This master´s thesis focuses on developing and testing methods that can automatically classify a given time series as having a certain behavior, chosen from a set of pre-specified, known behaviors. The first part of the thesis focused on finding statistical values where the empirical cumulative distribution of these values could be used for classification. The inverse of the cumulative distributions where then sampled at equally distanced sampling points and the resulting vector of sample values were treated as points in a high-dimensional Euclidean space.
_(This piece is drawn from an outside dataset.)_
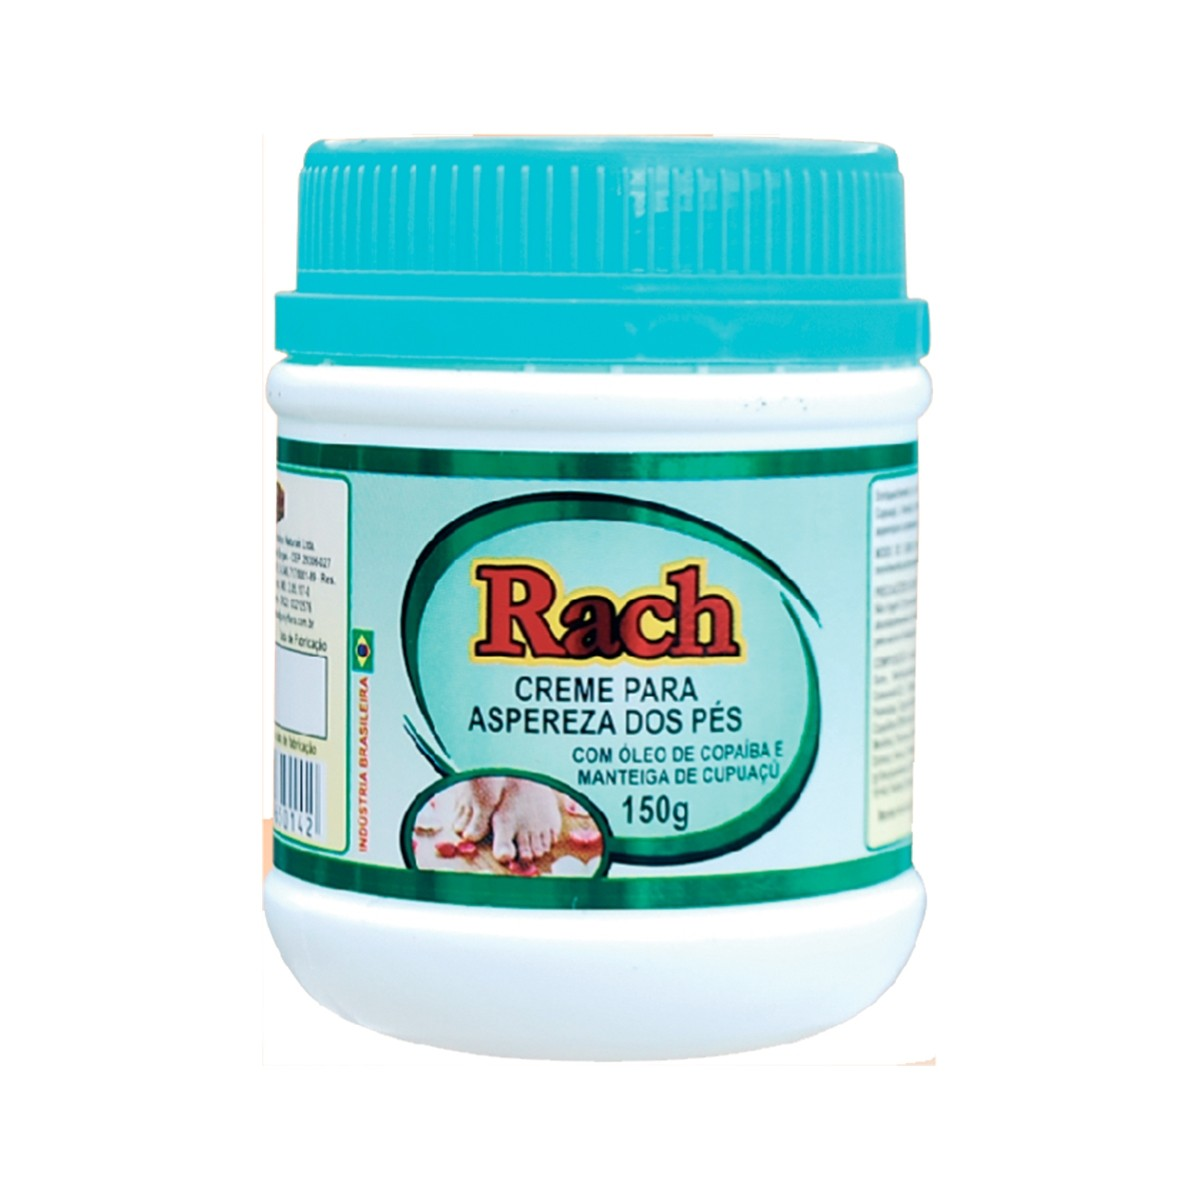 Creme Rach Aspereza dos Pés 150g - Poly Flora

These points were then dimensionally reduced using projections onto a 2-dimensional manifold, where the manifold was warped in the high-dimensional Euclidean space using the elastic map and Kohonen Self-Organizing Map methodologies. The outputs from the manifold projections were then clustered using a 𝑘-nearest-neighbor algorithm. Both methodologies gave fairly good classification result for the two behaviors under consideration (86.5% / 80.3%, class 𝐶1 / 𝐶2 for elastic map, 83.6% / 78.3%, class 𝐶1 / 𝐶2 for Kohonen SOM). It was also shown that there truly were convergence in distribution for the behaviors under consideration.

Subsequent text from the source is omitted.